From: Christoph Lameter <cl@linux-foundation.org>
To: Andrea Arcangeli <aarcange@redhat.com>
Cc: linux-mm@kvack.org, Marcelo Tosatti <mtosatti@redhat.com>,
Adam Litke <agl@us.ibm.com>, Avi Kivity <avi@redhat.com>,
Izik Eidus <ieidus@redhat.com>,
Hugh Dickins <hugh.dickins@tiscali.co.uk>,
Nick Piggin <npiggin@suse.de>, Rik van Riel <riel@redhat.com>,
Mel Gorman <mel@csn.ul.ie>, Dave Hansen <dave@linux.vnet.ibm.com>,
Benjamin Herrenschmidt <benh@kernel.crashing.org>,
Ingo Molnar <mingo@elte.hu>, Mike Travis <travis@sgi.com>,
KAMEZAWA Hiroyuki <kamezawa.hiroyu@jp.fujitsu.com>,
Chris Wright <chrisw@sous-sol.org>,
bpicco@redhat.com,
KOSAKI Motohiro <kosaki.motohiro@jp.fujitsu.com>,
Balbir Singh <balbir@linux.vnet.ibm.com>,
Arnd Bergmann <arnd@arndb.de>,
"Michael S. Tsirkin" <mst@redhat.com>,
Peter Zijlstra <peterz@infradead.org>
Subject: Re: [PATCH 00 of 34] Transparent Hugepage support #14
Date: Tue, 23 Mar 2010 12:06:59 -0500 (CDT) [thread overview]
Message-ID: <alpine.DEB.2.00.1003231200430.10178@router.home> (raw)
In-Reply-To: <20100322170619.GQ29874@random.random>
On Mon, 22 Mar 2010, Andrea Arcangeli wrote:
> > > Problem with O_DIRECT is that I couldn't use mmu notifier to prevent
> > > it to take the pin on the page, because there is no way to interrupt
> > > DMA synchronously before mmu_notifier_invalidate_* returns... So I had
> > > to add compound_lock and keep gup API backwards compatible and have
> > > the proper serialization happen _only_ for PageTail inside put_page.
> >
> > You can take a refcount *before* breaking up a 2M page then you dont have
> > to fear the put_page.
>
> If you take it _before_ it will go into the head page regardless of
> which subpage was returned by gup. We need to know which subpages are
> under DMA. The pin has to go to the tail pages or head page depending
> on the physical address that was requested by gup. To fix this we need
> at the very least to change gup api to ask for hugepages which it
> can't right now because it'd break all drivers.

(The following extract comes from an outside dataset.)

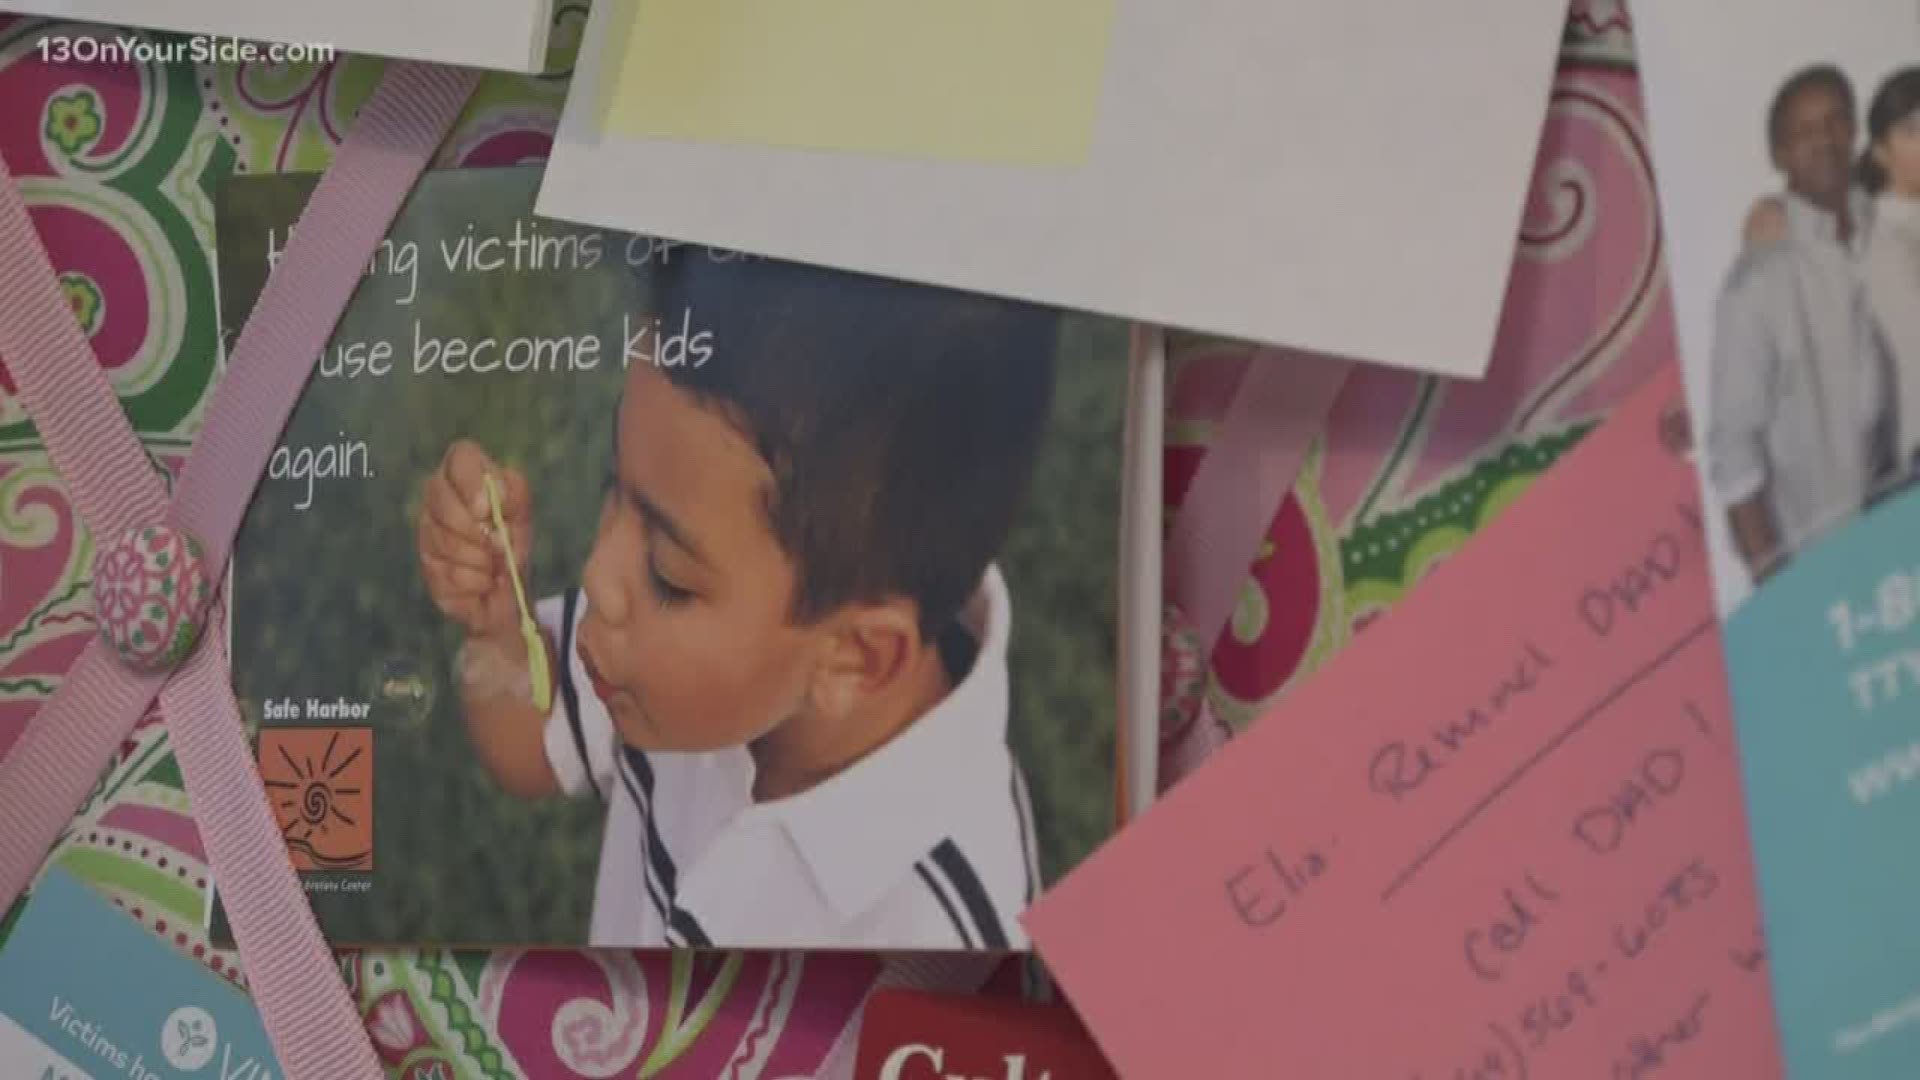 Safe Harbor Children's Advocacy center interviews children who are victims of abuse.

A 2M page needs to be treated as a single page. Under DMA would mean that
the whole of the page is considered under DMA! Sectioning off the 2M page
causes all sorts of problems. The page state needs to be complete in a
single page struct.
> besides even if we add a error retval, we can't have mprotect/mremap
> fail at most swapout could be deferred because "page cannot be broken
> up" but even that is risky and I've been extra careful not to require
> any memory allocation or sleeping lock in split_huge_page to make it
> ideal to use in swap path without risking any functional regression
> whatsoever.
We can go to sleep in mprotect and mremap and wait for the breaking up to
be successful.
> Allowing it to fail would result in a mess. Obviously I wasn't clear
> enough in the last sentence of my previous mail so I'll have to
> repeate: any effort in handling the failure (which in some case it
> can't be handled as syscalls can't fail just because a page is 2M)

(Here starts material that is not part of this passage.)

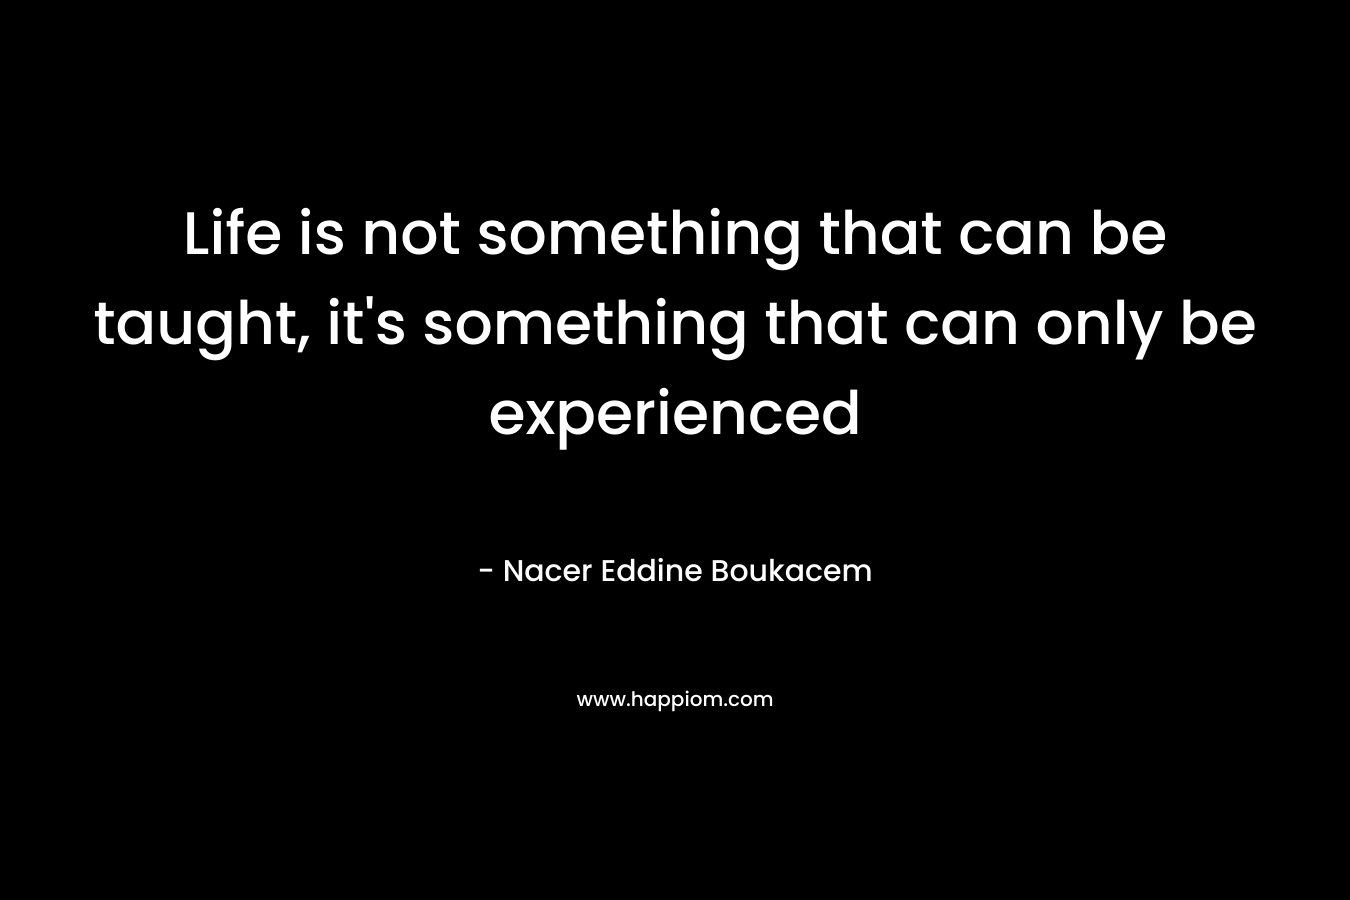 Life is not something that can be taught, it's something that can only be experienced

> should instead be spent to _remove_ the split_huge_page call.
Its not advisable to do this. Splitting the huge page may cause surprises
to another kernel function that is operating on the assumption that this
is a 2M page. If you do this then new synchronization methods are
required.
> > We already have 2M pmd handling in the kernel and can consider huge pmd
> > entries while walking the page tables! Go incrementally use what
> > is there.
>
> There's no such thing unless you talk about the hugetlbfs paths. In
Indeed I am.
> Best of all, I had to add zero atomic ops and just 1 branch in already
> hot l1 cache (and no writes to the l1 cache either, just 1 more read)

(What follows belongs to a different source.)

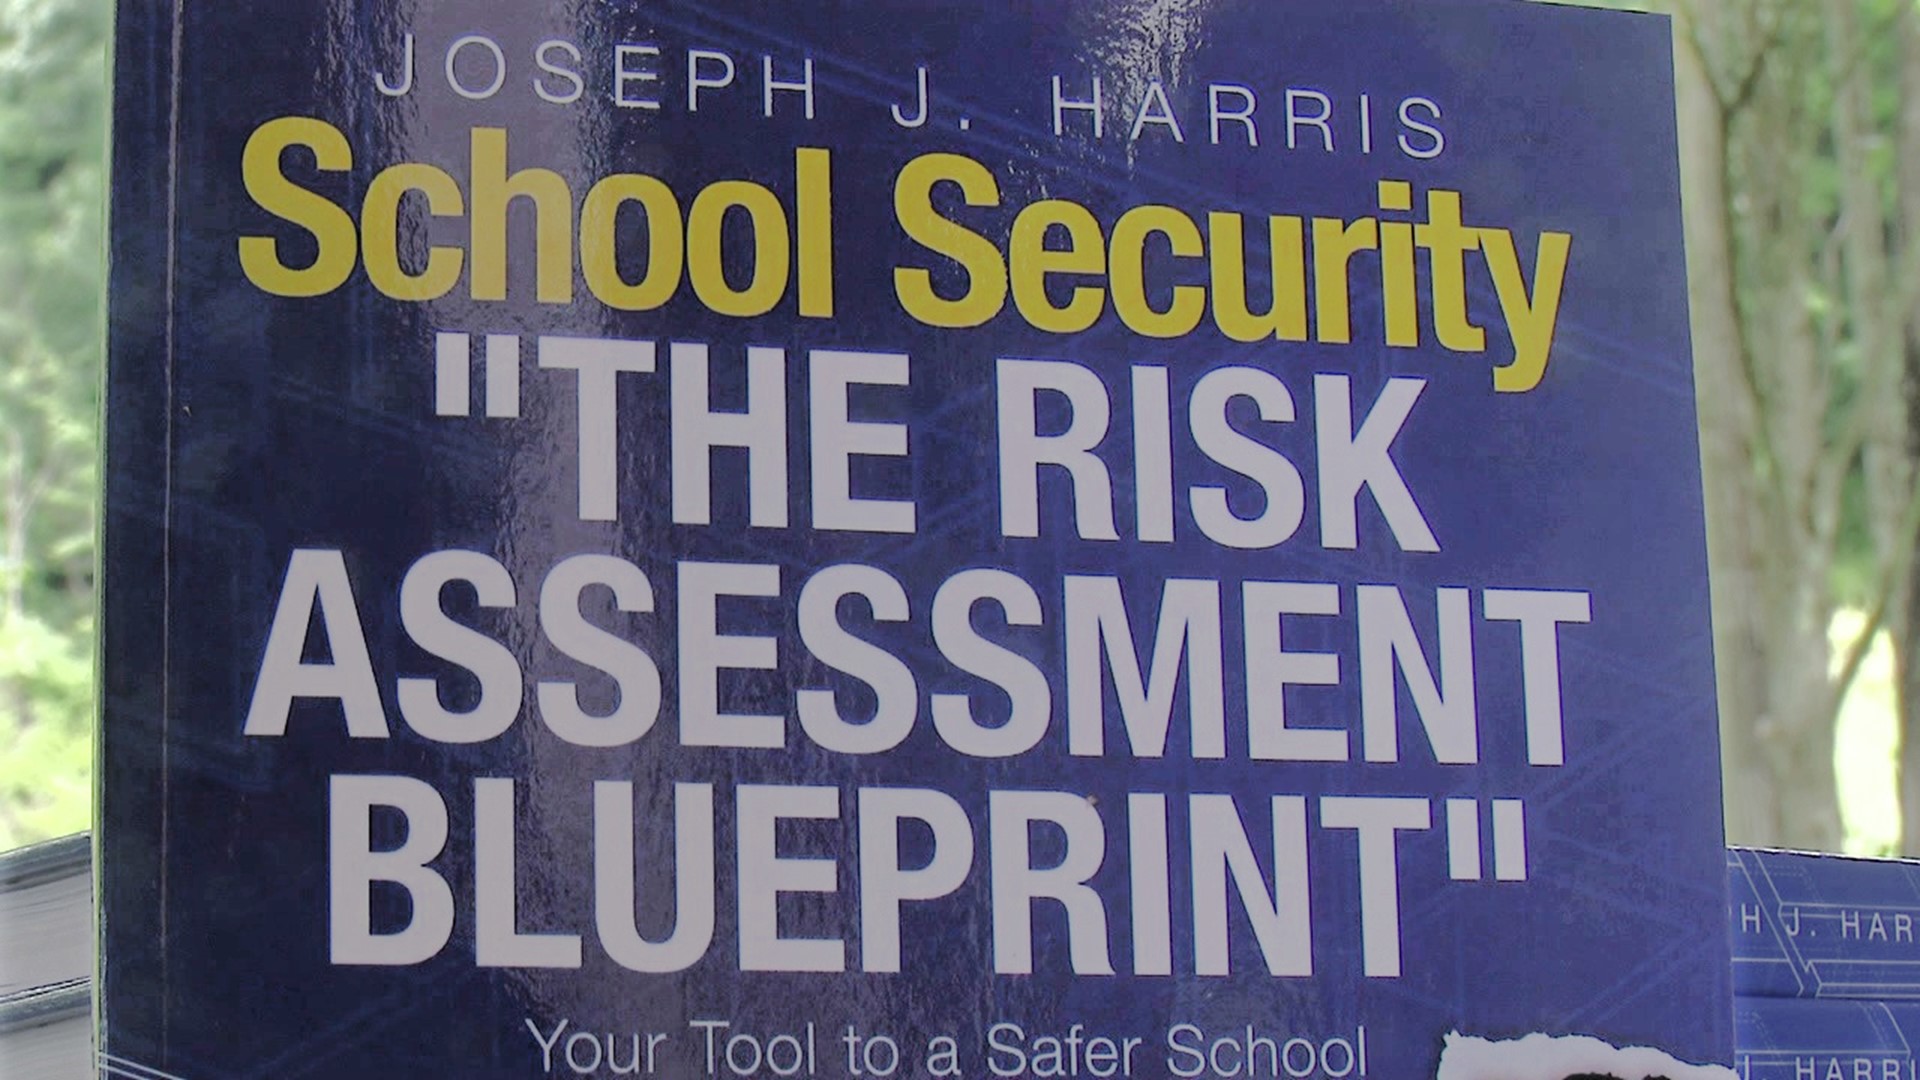 Former Scranton police officer publishes book on school security.

> in order to add the pagefault slow path for huge pmd. So unless you
> actively take advantage of hugepages, the page_table_lock locking will
> be zero cost and in the future nothing prevents us to add a more
> scalar PMD lock like it exists for the pte (but keep in mind it's much
> 512 times less important for PMD than it is for the PTE).
Its not much use to have fake 2M pages that can splinter below you at any
time. In order to take full advantage of huge pages you need to be able
to do VM operations on them and for that these things need to be treated
as a single unit.
--
To unsubscribe, send a message with 'unsubscribe linux-mm' in
the body to majordomo@kvack.org. For more info on Linux MM,
see: http://www.linux-mm.org/ .
Don't email: <a href=mailto:"dont@kvack.org"> email@kvack.org </a>
next prev parent reply other threads:[~2010-03-23 17:08 UTC|newest]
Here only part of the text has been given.